Winter Solstice
Solstice yesterday, and today’s gentle daylight promises to stick around a little longer. Slowly, inexorably, over the next six months, my much loved cool, silvery grey world will brighten, quicken, surge, harden, crack. The light, waxing insistently, will demand more and more attention, lavishing its deceptive friendly warmth (careful, it can sting!) until by June it reaches zenith. And grateful homage will be duly paid by all manner of chlorophyll-fed life, gathering up the energy that will sustain them through another year.
Then, as if raging against its own dimming, the light will turn on us, browning and burning the thirsty earth even as it reddens the tomatoes and sweetens the melons. And we will eagerly await the fall rains.
Northern human tribes have celebrated the winter solstice for eons, and I am quite aware that my feelings of loss at this time are not widely shared. “How can November be your favourite month!?!” my sister asks, faint disgust tinging her voice. It’s a good question, to which I don’t have the answer.

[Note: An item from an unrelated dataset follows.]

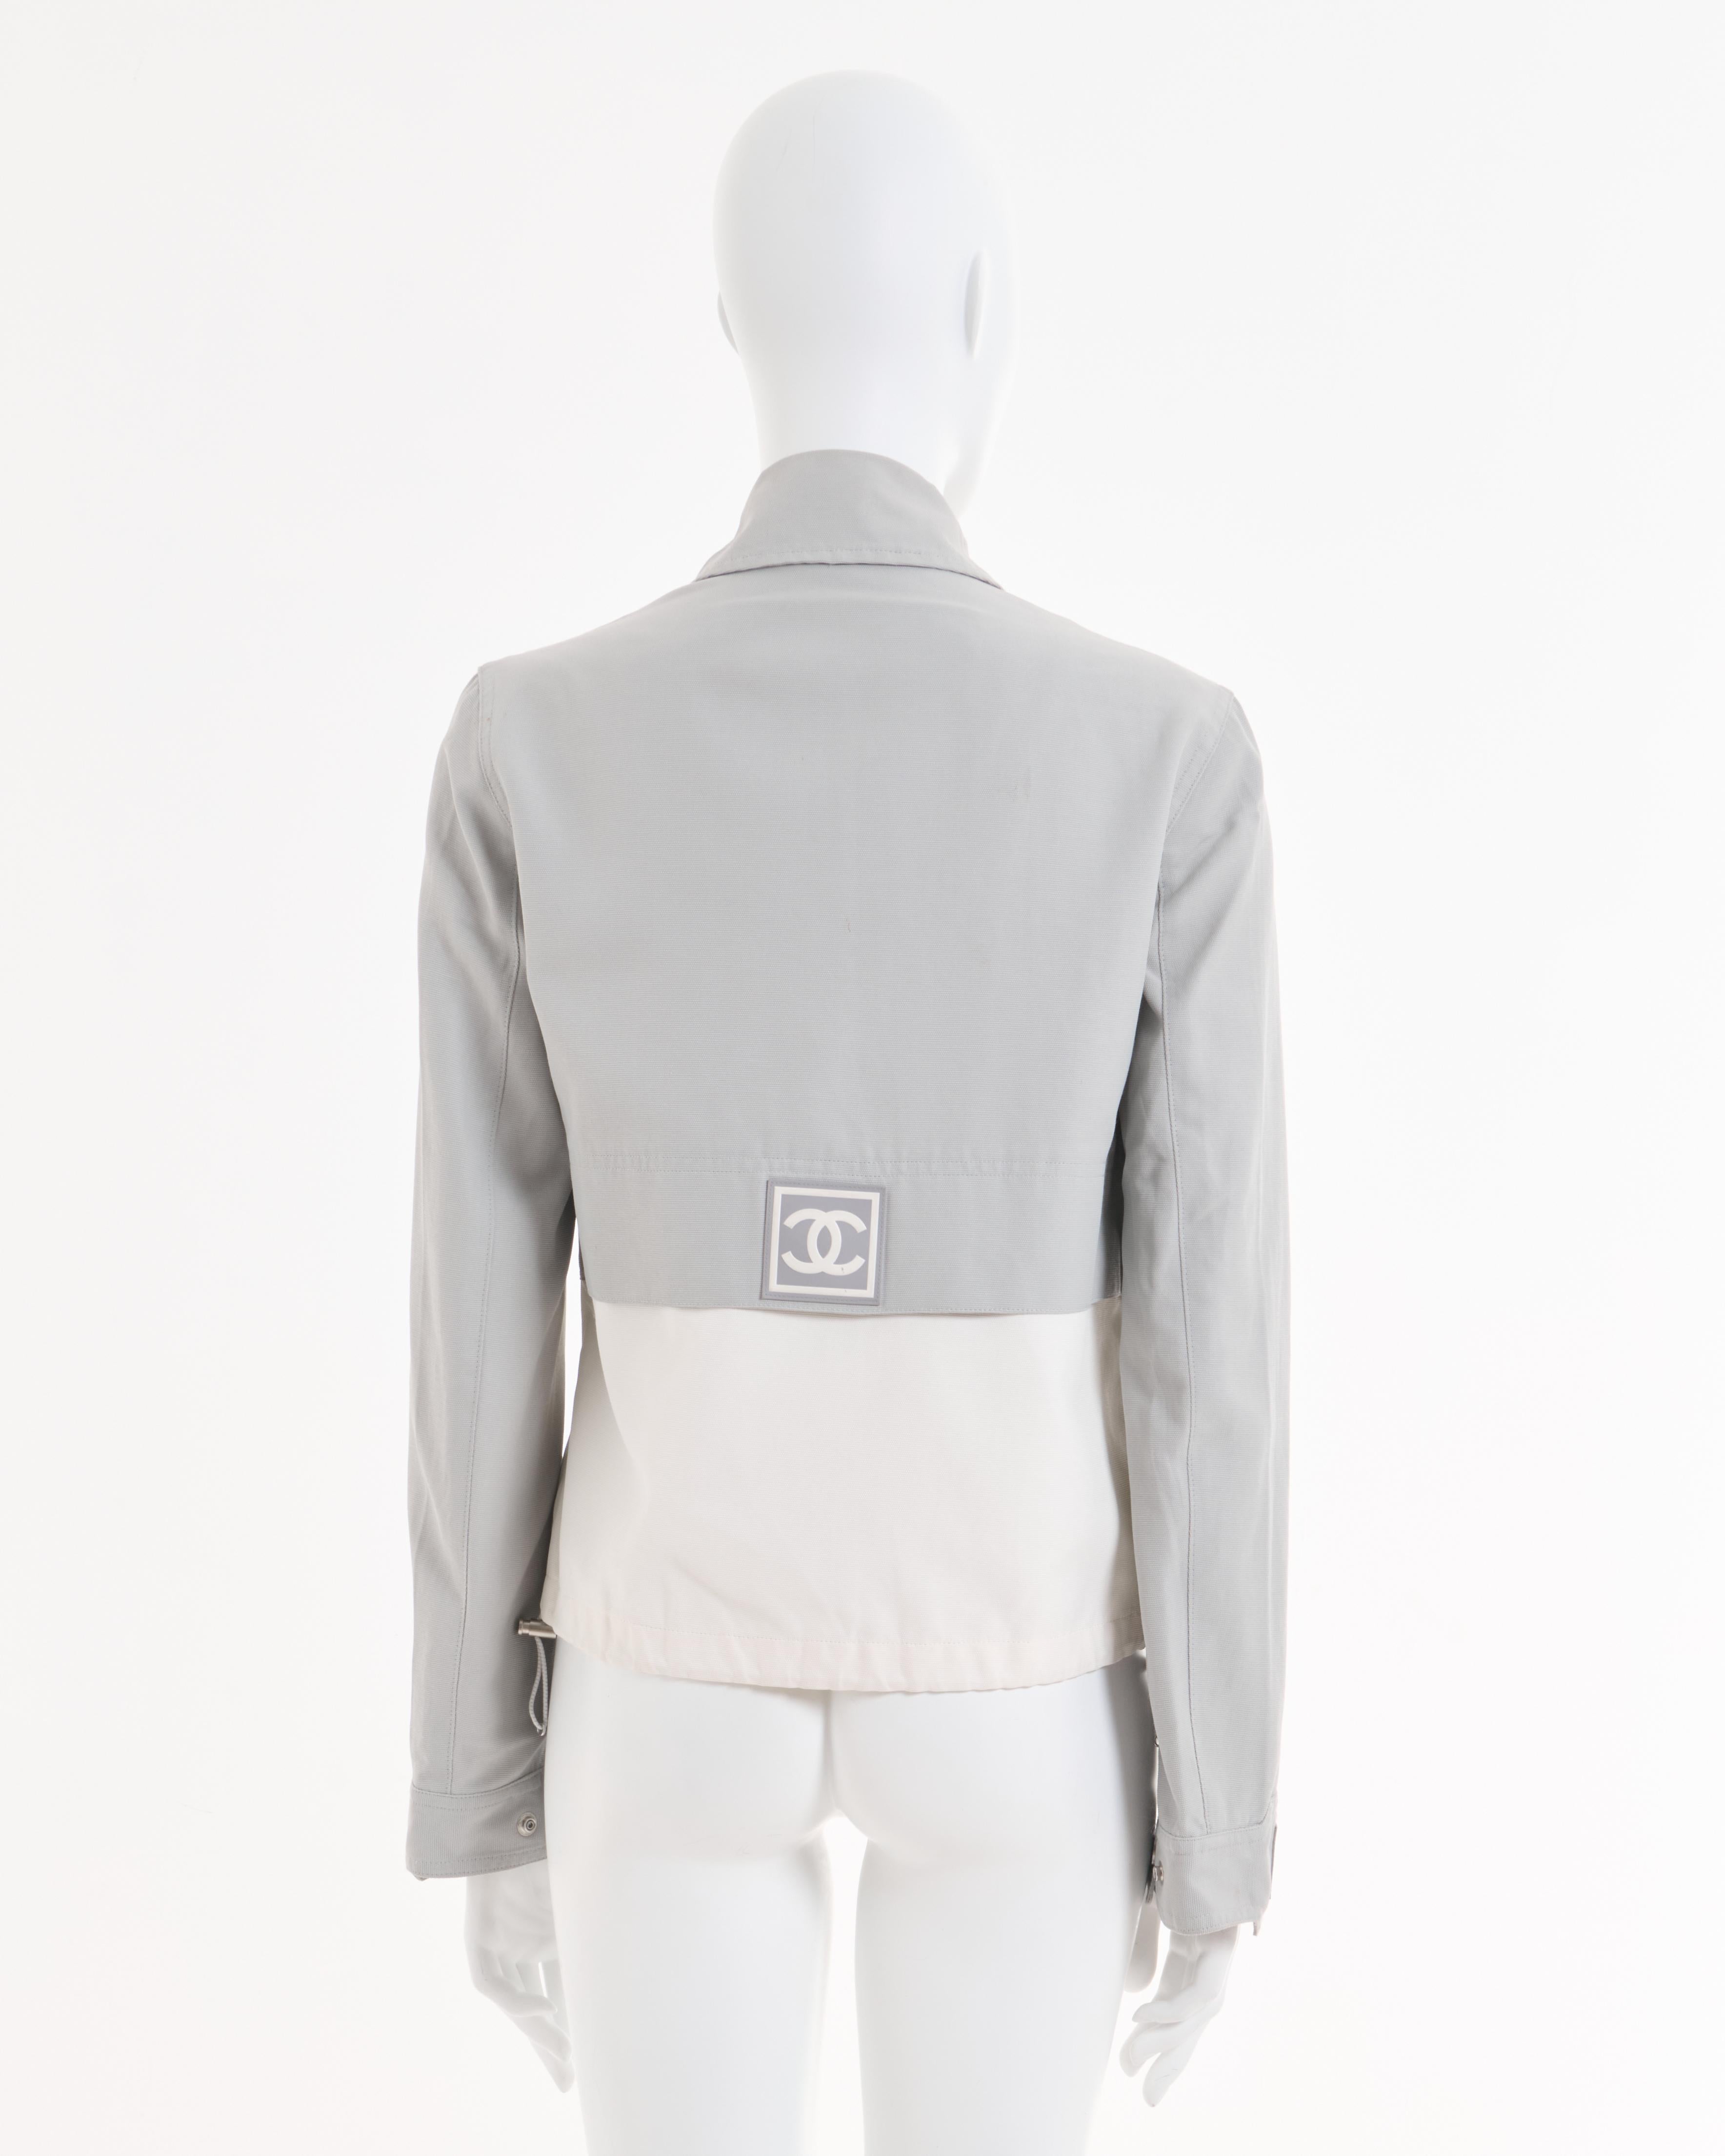 Women's Chanel by Karl Lagerfeld F/W 2001 Dove gray and white zip-up sport jacket  For Sale

I am a morning person. I enjoy all the four seasons (although I must work diligently to appreciate summer). Yet I have always been more comfortable in the dark than in the daylight. My favourite childhood summer memories involve playing tag and riding bikes through long dusky purple evenings, streetlights switching on, hoping that Mom would forget to call us in until well after dark. And when I was ten, after our family moved out of the city to the streetlight-free countryside, feeling comforted by the friendly black night keeping me snug and safe. This was where I belonged. When I grew up and got my first city apartment, it was the light I couldn’t stand, not the noise. I got back out to the country as quick as I could.
Once my children were of the age to enjoy bedtime stories, Janice May Udry’s The Moon Jumpers, a simple story involving children playing after dark on a summer evening and joyfully illustrated by Maurice Sendak, was my absolute favourite. I know it by heart. We also enjoyed many ‘night walks’, roaming the neighbourhood well after dark. Did I pass on my love of the dark? I don’t know, you’d have to ask my children.
But there’s nothing to be done, it’s all out of my control, so I shall simply indulge myself with a little solstice sadness, and resolve to savour my dim grey days and dark black nights, before light chases them away for another year.